Pietru Caxaro
Pietru Caxaro or Caxaru (died c. August 1485), also known in English as Peter Caxaro, was a Maltese notary, orator, politician, philosopher, and poet. He wrote the poem Cantilena, the earliest known text in the Maltese language and the only one in Medieval Maltese. Caxaro is, to date, Malta's first philosopher, according to Mark Montebello.
Little about Caxaro's life is known. Born in Mdina sometime in the early fifteenth century, Caxaro studied to become a notary and attained his qualification in 1438. He served as a judge in the civil and ecclesiastical courts for much of his life. He was also a member of the Mdina town council and appears to have been a skilled orator. Caxaro died in 1485, remaining all but forgotten for the next four centuries.
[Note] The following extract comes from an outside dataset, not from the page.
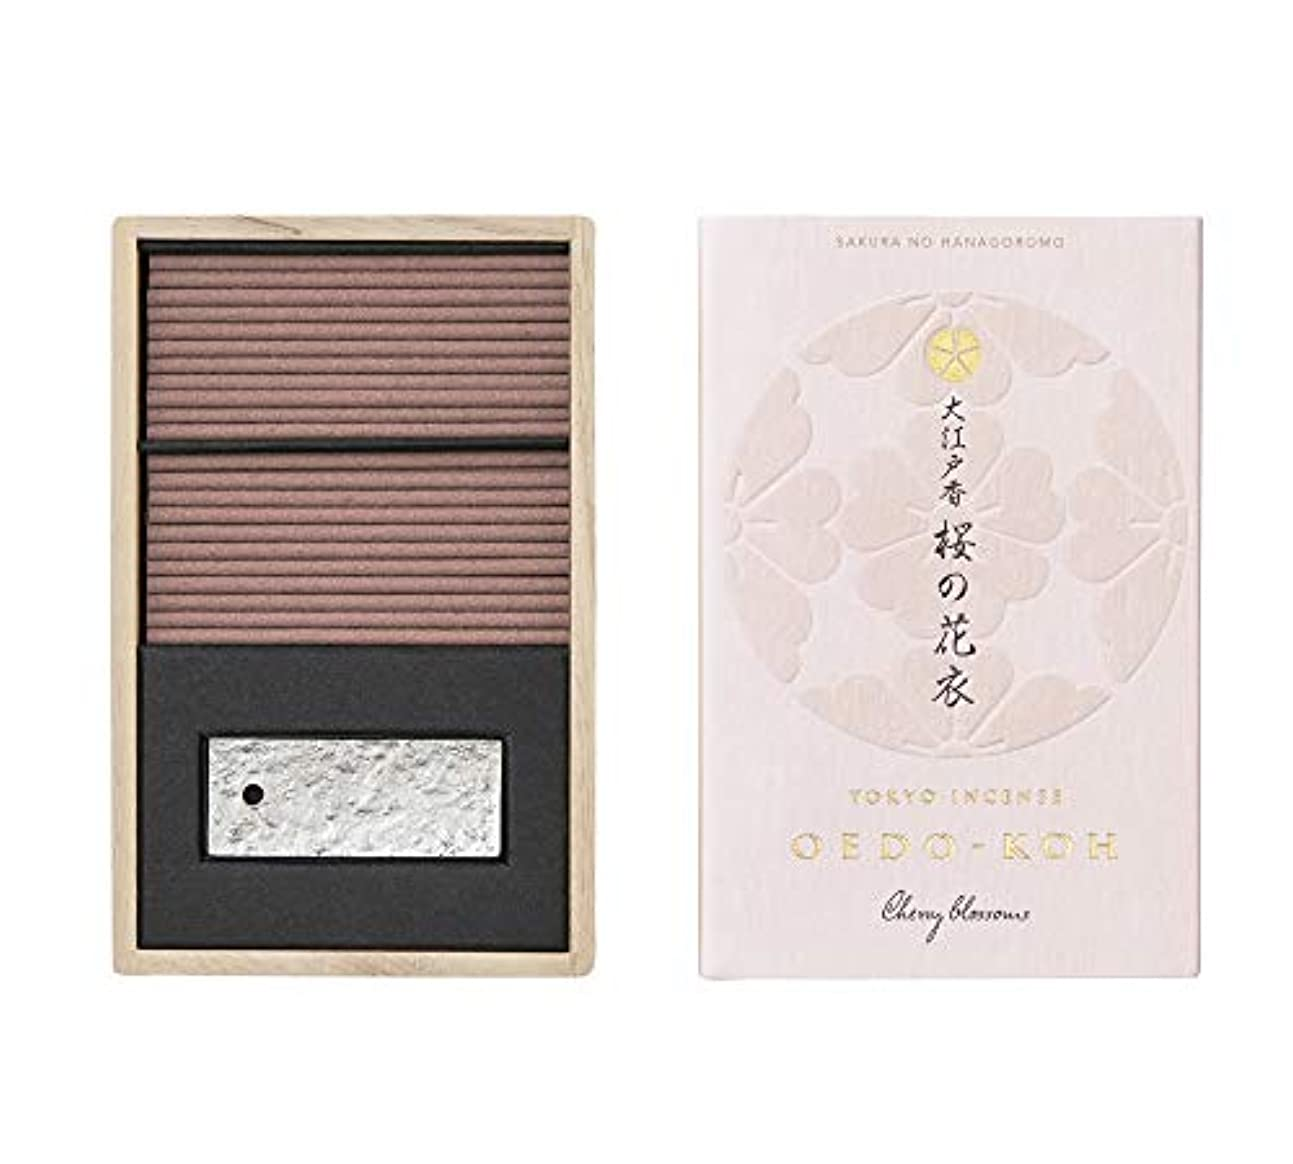 却下する欠かせない憂慮すべき日本香堂 大江戸香 桜の花衣(さくらのはなごろも) スティック60本入 香立付

In 1966, the historian Mikiel Fsadni unearthed a Maltese language poem attributed to Caxaro, christened the Cantilena. The discovery was surprising, since, at the time, the oldest known poem in Maltese dated to the seventeenth century, and hardly any references to Maltese from the Middle Ages beyond placenames were thought to exist. Fsadni and fellow historian Godfrey Wettinger introduced the Cantilena to the public in 1968. Since then, many linguistic and literary studies on the poem have been composed. Scholars emphasise the blend of Arabic and Italian/Sicilian influences on the Maltese language that features in Caxaro's work and the humanistic philosophy it communicates. In 2025, UNESCO added the Cantilena to its Memory of the World Register, only the second Maltese artefact to receive such recognition.